Anton would have said that was a fool's hope, knowing what he did of the modern might of steamships and airships, of repeater guns and explosive shells . . . but he had seen too much already here in Evrenfels of what these MageLords could do, and knew he must have seen very little of what they were truly capable of. And on this whole continent, there were just a few troops and maybe a couple of cannon in Wavehaven, weeks away. The true military might was on the far side of the world, where the Union Republic squabbled with the Concatenation in a hundred ways, battling by surrogate in small, splintered countries or staring each other down along long, heavily fortified borders. If the Anomaly fell and the MageLords emerged, it could be weeks before word of it even got back to the Union Republic's government, and quite a bit longer before any major military campaign could be launched. Who knew what deviltry the MageLords would have in place by then?
“But I don't understand,” Anton said. “The Anomaly has stood for centuries. How can he bring it down?”
“I don't know,” Brenna snapped. “It's not like methods of destroying it were part of my education.” She paused. “I'm sorry,” she said more softly. “But time is short. You have to escape the manor . . . and you have to take me with you.”
Anton sat cross-legged on the bed, carefully arranging the blankets to preserve his modesty, though it sounded like he had already been stripped naked by Mother Northwind. “I'll agree
I
need to escape,” he said. “But why do you?”
“I'm part of this Plan of Lord Falk's, too,” Brenna said. “I don't know how . . . but I don't want anything to do with it.
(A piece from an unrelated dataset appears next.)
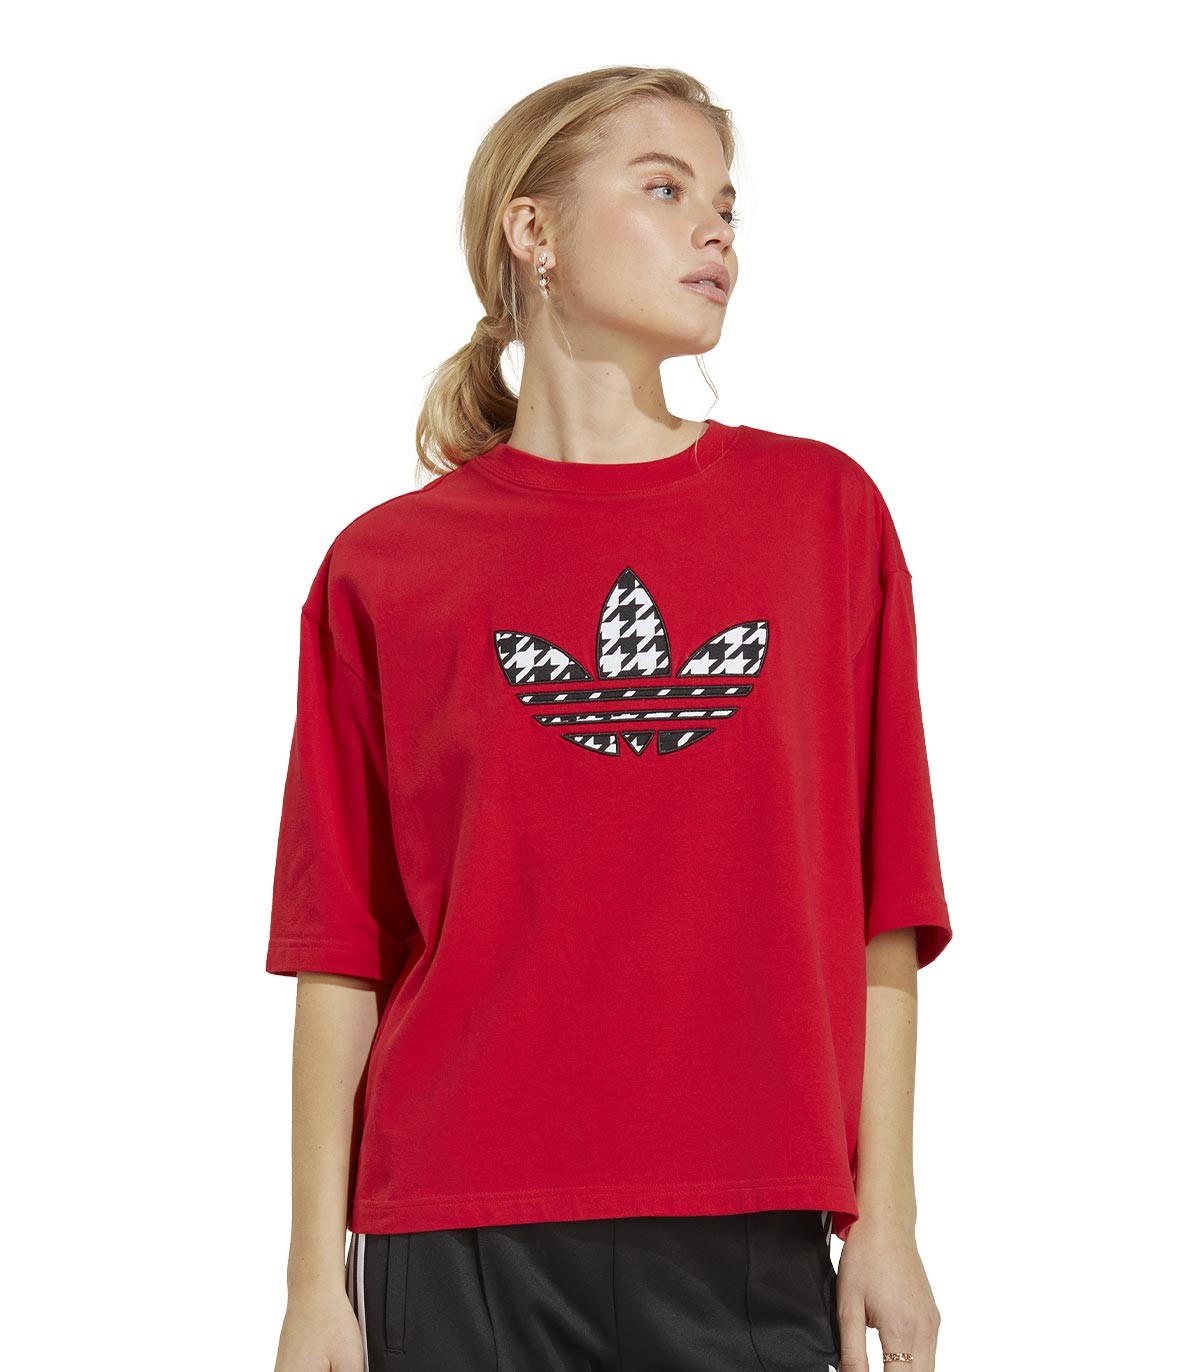 adidas - Camiseta Trefoil Infill - Rojo

I can't imagine I'm a crucial part, but maybe if I'm not here when he needs me, it will jam a tree branch into his spokes.”
“But this is your home. He's your guardian.”
Yes, he is
, an inner voice whispered.
How do you know this isn't all some trick of Falk's?
He mentally thrust the doubts away. He had to trust
someone
in this bizarre kingdom where wooden puppets walked and worked and a little old woman could rape your mind with a touch of her hand. Brenna was the only candidate.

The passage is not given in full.